俺は、空になったスープの保温容器を、忌々しげに睨みつけていた。
昨夜、俺は結局、あの「施し」に屈した。
一口、また一口と、屈辱的な美味さのスープを飲み干してしまったのだ。
腹が満たされた代わりに、俺の心はみすぼらしく、惨めな気持ちでいっぱいになった。
……俺は、あの王女に、『餌付け』されたんだ。
哀れな旧寮のネズミに対する、気まぐれな「施し」。
俺がどんな惨めな顔でそれに食いつくか、彼女は離宮のテラスで嘲笑っていたのだろう。
……ふざけるな!
問題は、この空の容器だ。
どうする?
これを捨てたら? 「施しを無下にした」として、侍女長が再び現れ、今度こそ研究室送りか?
かといって、このまま持っているのも屈辱だ。
「……クソッ」
俺は、その保温容器を丁寧に磨き上げると、早朝、まだ誰もいない時間を見計らい旧寮の裏口、昨夜、侍女が置いた場所にそっと返却した。
……これが、俺にできる、唯一の意思表示だった。
「食った。だが、感謝はしない」という、惨めな抵抗だ。
その日。俺の警戒心は、もはや恐怖症の域に達していた。
講義室へも、生徒が登校しきるギリギリの時間に滑り込み、一番後ろの隅の席に潜り込む。
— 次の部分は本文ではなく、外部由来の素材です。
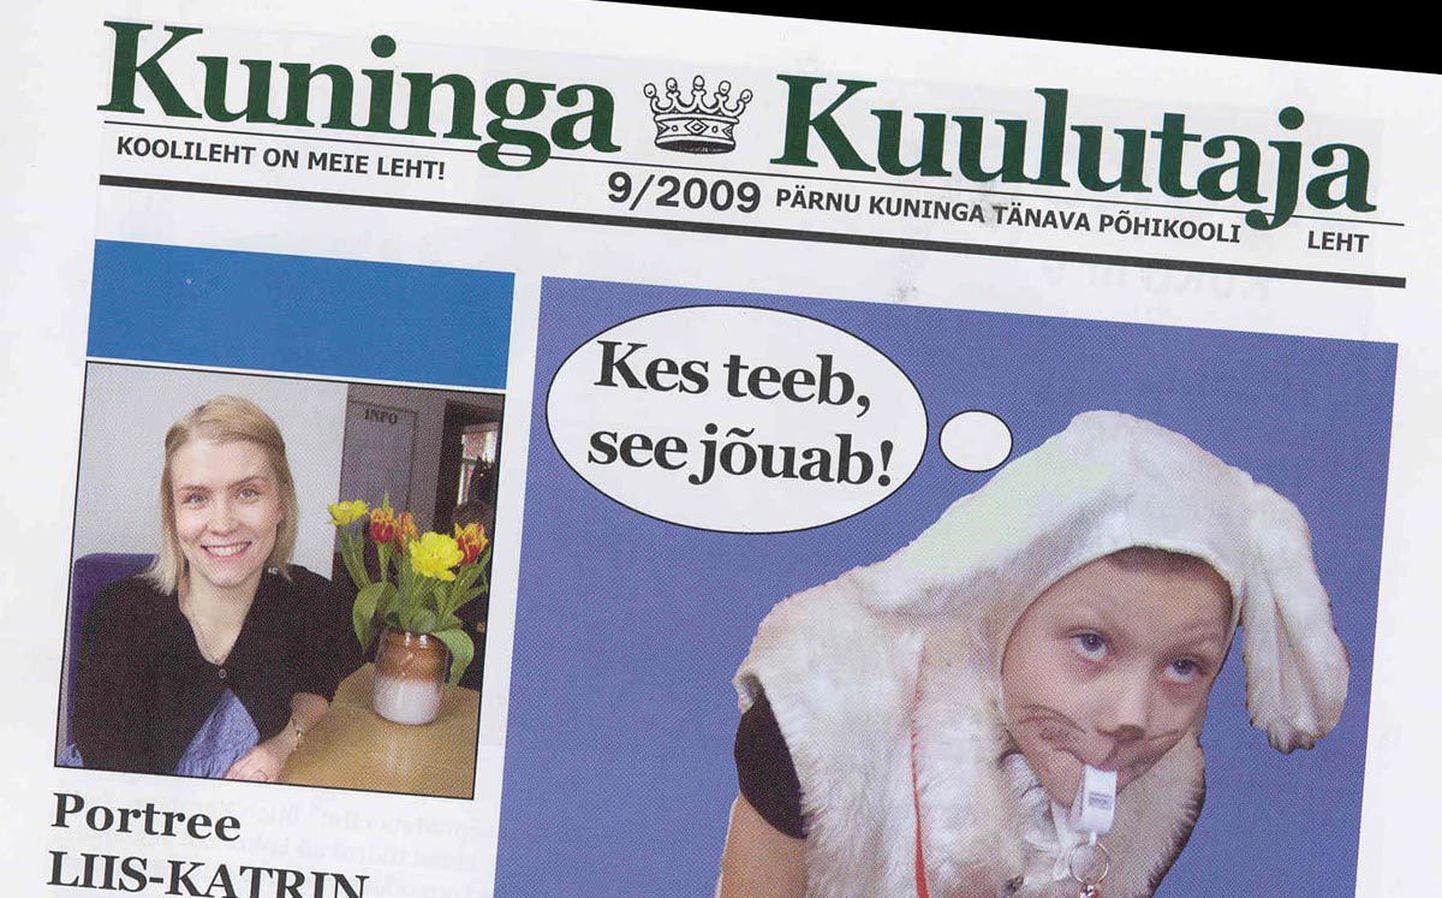 Pärnu Kuninga tänava põhikooli väljaanne Kuninga Kuulutaja tunnistati parimaks põhikooli leheks.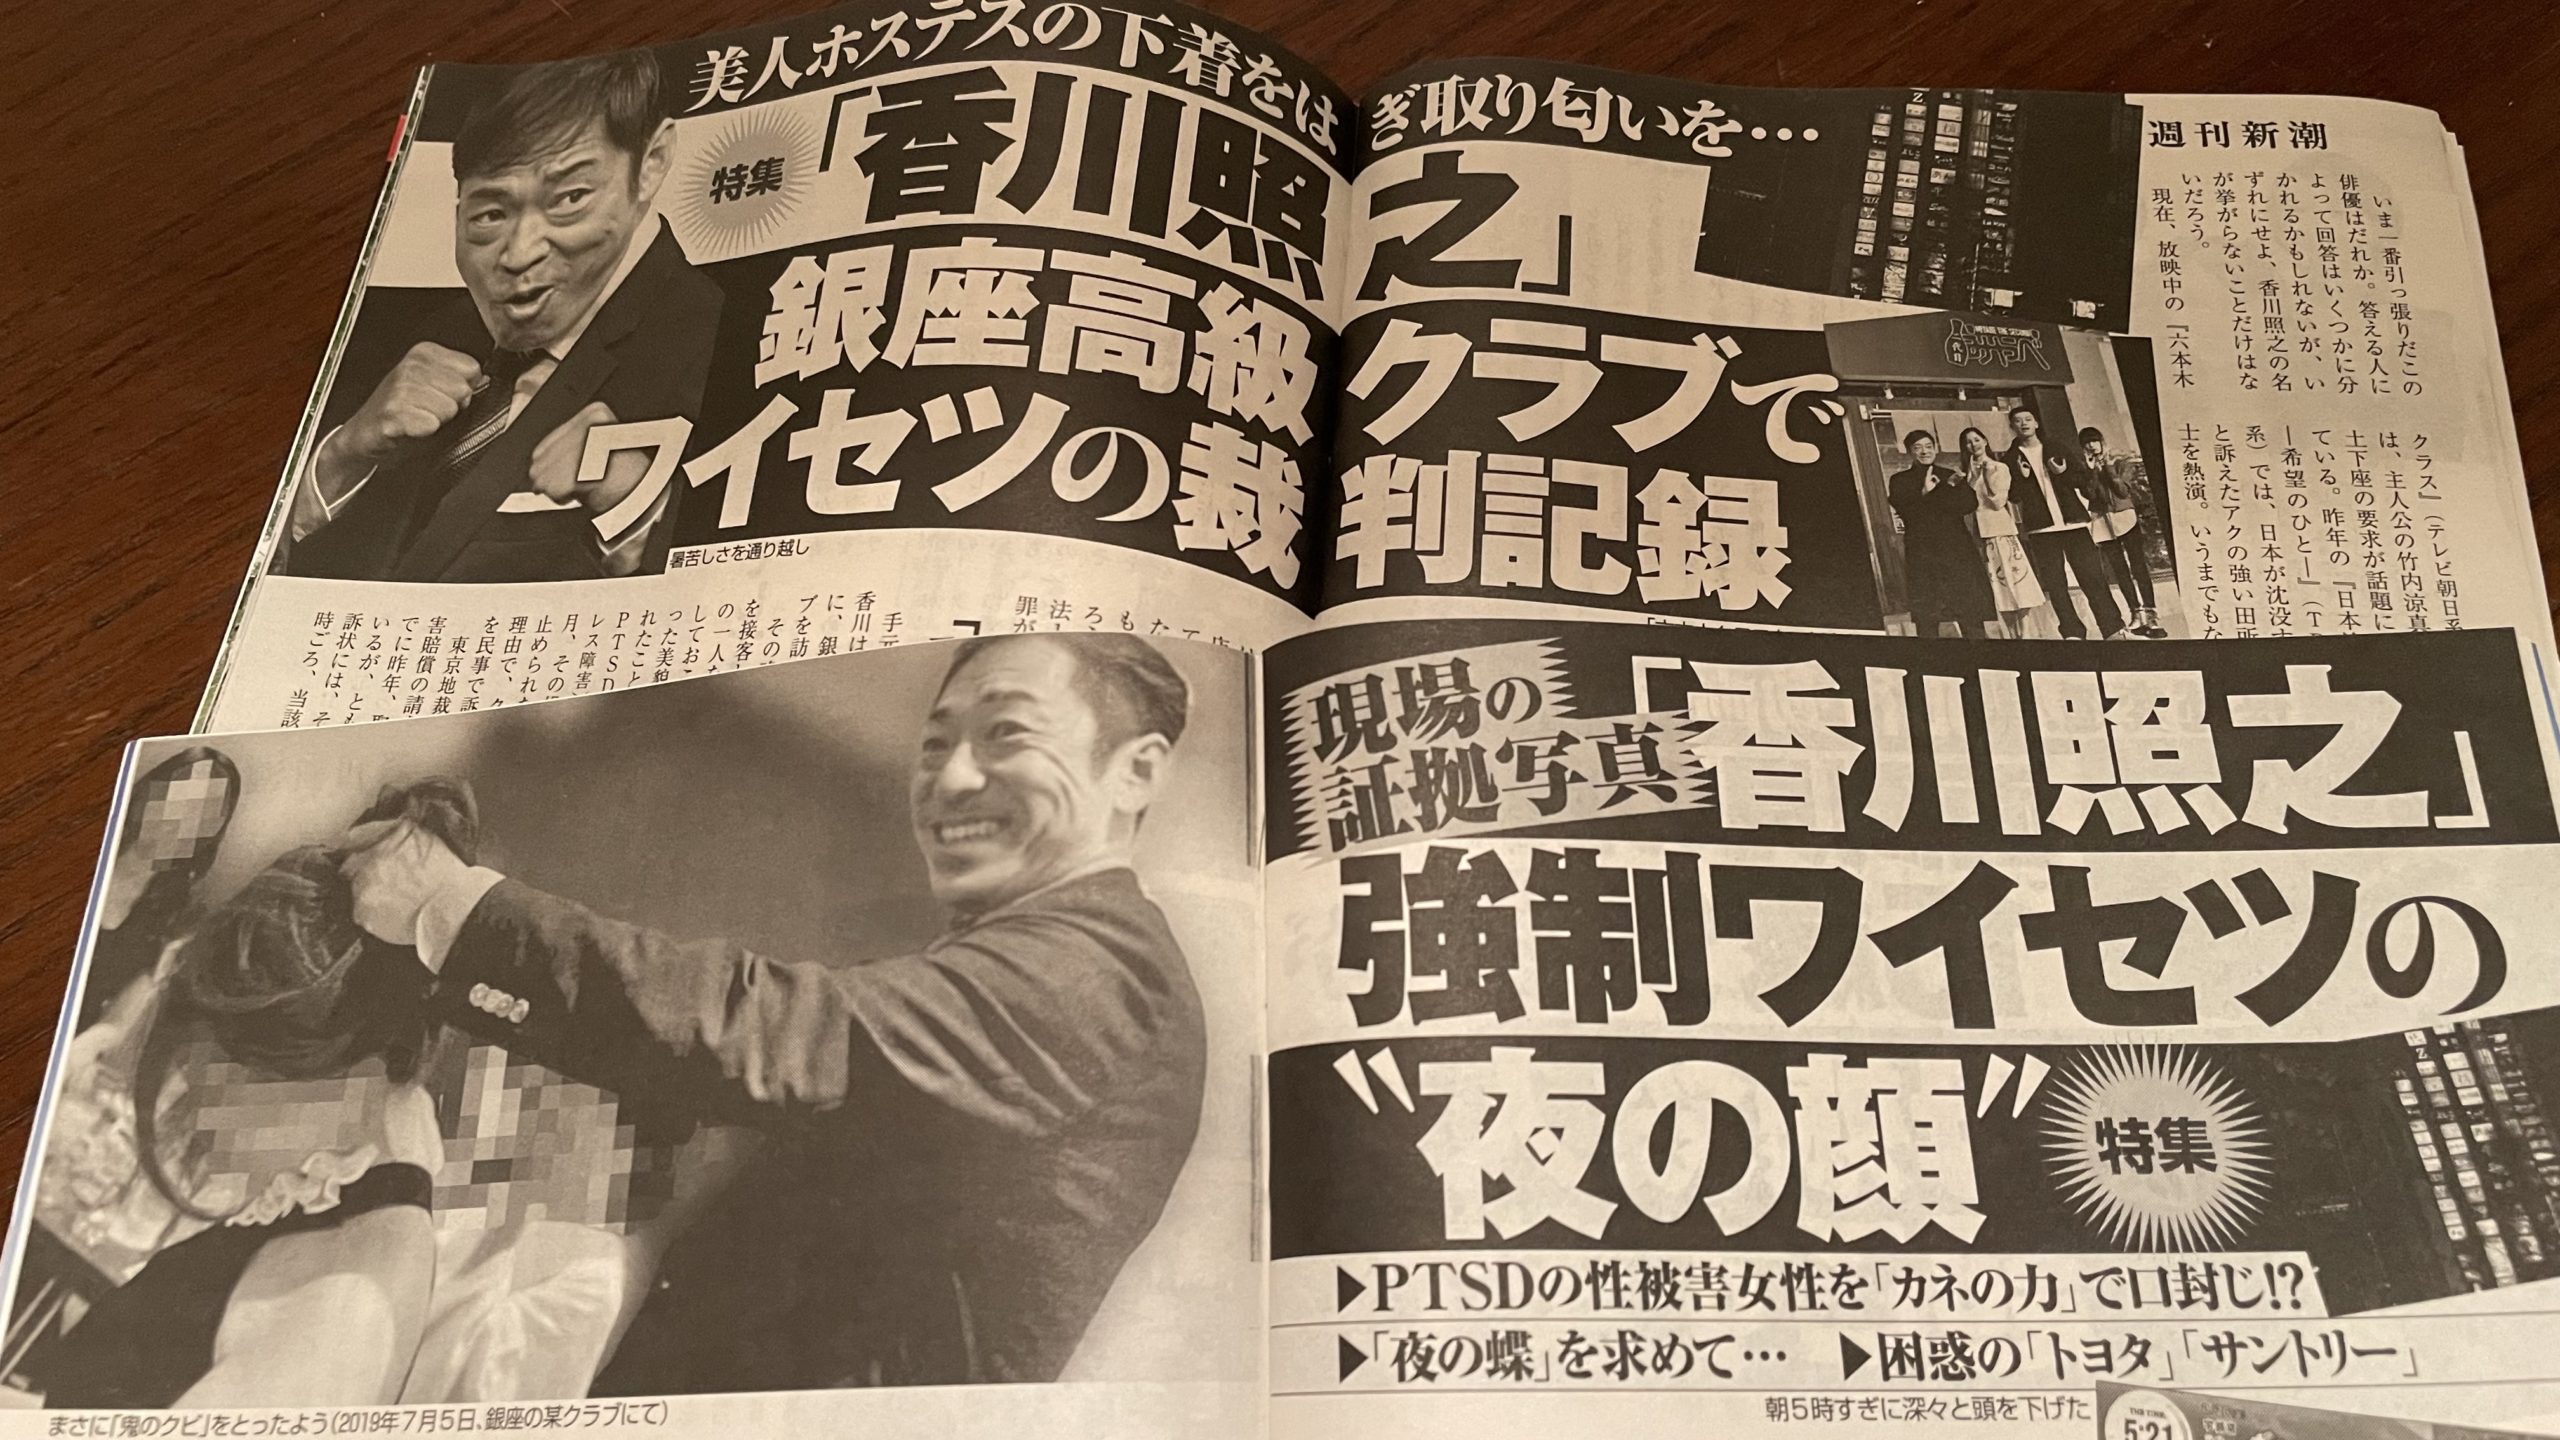 香川照之の銀座ホステス暴行と証拠写真を報じる週刊新潮の週刊誌2冊

周囲の視線が、すべて王女の「監視」のように思えてくる。
……落ち着け。俺はモブだ。ただの背景だ。
そう自分に言い聞かせ、教科書に視線を落とす。
その日の講義は「魔法史」。
この世界の歴史において、いかに「魔力を持つ女の王族や上級貴族」が国を発展させてきたかを語る、退屈な授業だ。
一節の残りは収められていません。